时间:2018-07-26 05:02:19

标签: php mysql codeigniter

让我看看我的代码:

function checkForDuplicates() {            
           $data = $this->input->post();
           $project_id = $data['project_id'];

           $this->db->where('project_id', $project_id);
           $paper = $this->db->get('paper')->result();

           $paper2 = $paper; //duplica o array de papers
           $duplicatesCount = 0;

           foreach($paper as $p){
               $similarity = null;

                foreach($paper2 as $p2){
                    if($p -> status_selection_id !== 4 && $p2 -> status_selection_id !== 4){ 
                        if($p -> paper_id !== $p2 -> paper_id){ 
                            similar_text($p -> title, $p2 -> title, $similarity);

                            if ($similarity > 90) { 
                                $p -> status_selection_id = 4;
                                $this->db->where('paper_id', $p -> paper_id);
                                $this->db->update('paper', $p);
                                $duplicatesCount ++;
                            }
                        }
                    }
                }
            }

            $data = array(
                'duplicatesCount' => $duplicatesCount,
                'message' => 'Duplicates where found!'
            );
            echo json_encode($data);
        }
  1. similar_text需要180秒才能检查1500条记录。
  2. livenshtein需要101秒才能检查1500条记录。
  3. if($ pp1 === $ pp2)需要45秒才能检查1500条记录。

检查重复记录并更改其状态的最快方法是什么?

1 个答案:

答案 0 :(得分:1)

优化通常会降低IO。

在您的情况下,减少SQL查询的数量应该可以缩短处理时间。

如果需要处理大量记录,则应将其拆分为多个块。
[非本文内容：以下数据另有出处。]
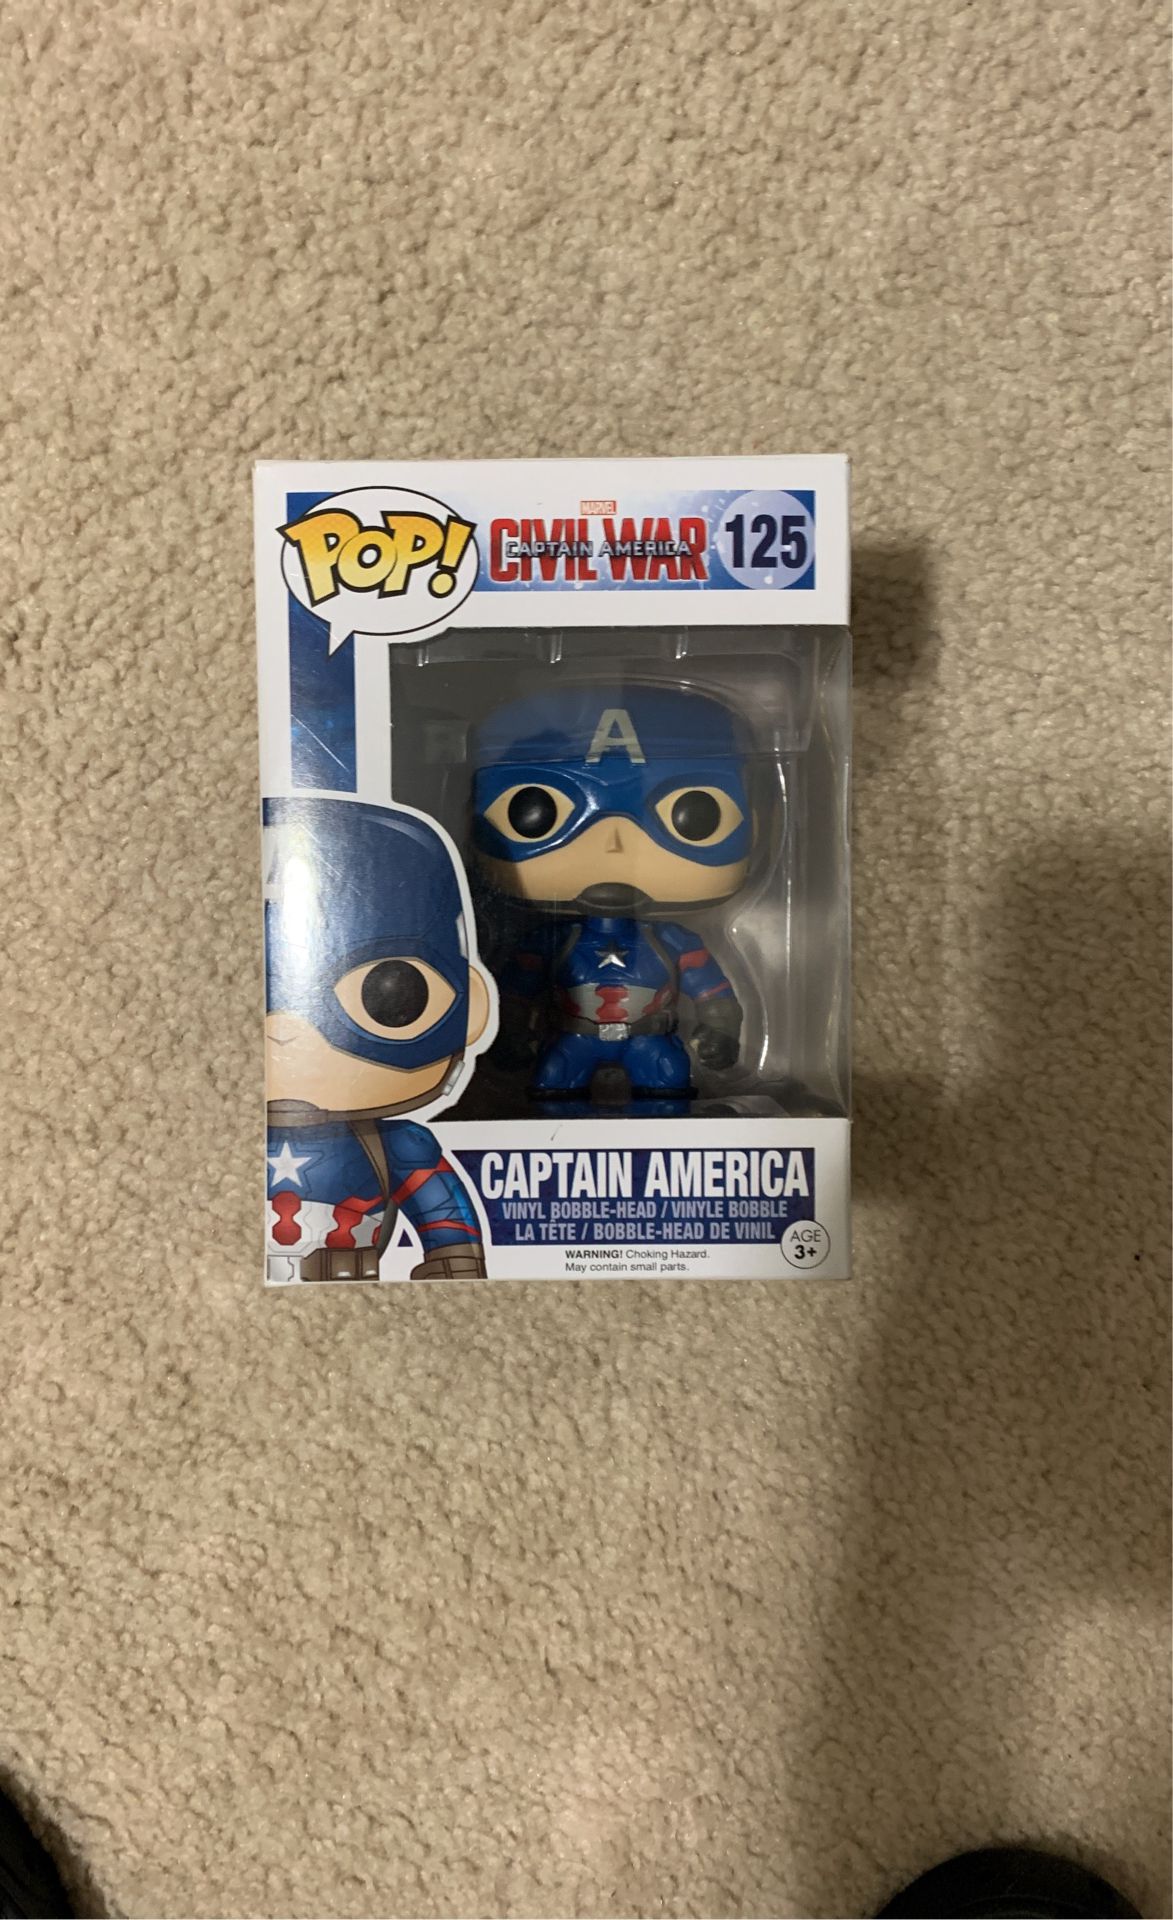 Captain America Civil War Funko Pop

每个块应包含一批可以放入内存(RAM)的记录。

从数据库中检索您的块。 处理您的块(即循环),并使用数组(即)跟踪需要在数据库中进行的更改。 最后,使用尽可能少的查询批量更新数据库。

       $data = $this->input->post();
       $project_id = $data['project_id'];

       $this->db->where('project_id', $project_id);
       $paper = $this->db->get('paper')->result();

       $paper2 = $paper; //duplica o array de papers
       $duplicatesCount = 0;

       // keep track of updates
       $updates = [];

       foreach($paper as $p){
           $similarity = null;

            foreach($paper2 as $p2){
                if($p -> status_selection_id !== 4 && $p2 -> status_selection_id !== 4){ 
                    if($p -> paper_id !== $p2 -> paper_id){ 
                        similar_text($p -> title, $p2 -> title, $similarity);

                        if ($similarity > 90) { 

                            $updates[] = [
                                'paper_id' => $p -> paper_id,
                                'status_selection_id' => 4,
                            ];

                            $duplicatesCount ++;
                        }
                    }
                }
            }
        }

        if ($duplicatesCount > 0) {
             // here you have to create a big SQL request with all the updates
             // maybe your DB adaptor can do it for you ?
             $query = $this->db->somethingToCreateABulkQuery();
             foreach ($updates as $update) {
                 // stuff 
                 $query->somethingToAddAndUpdate($update);
             }
             $this->db->somethingToExecuteTheQuery($query);

        }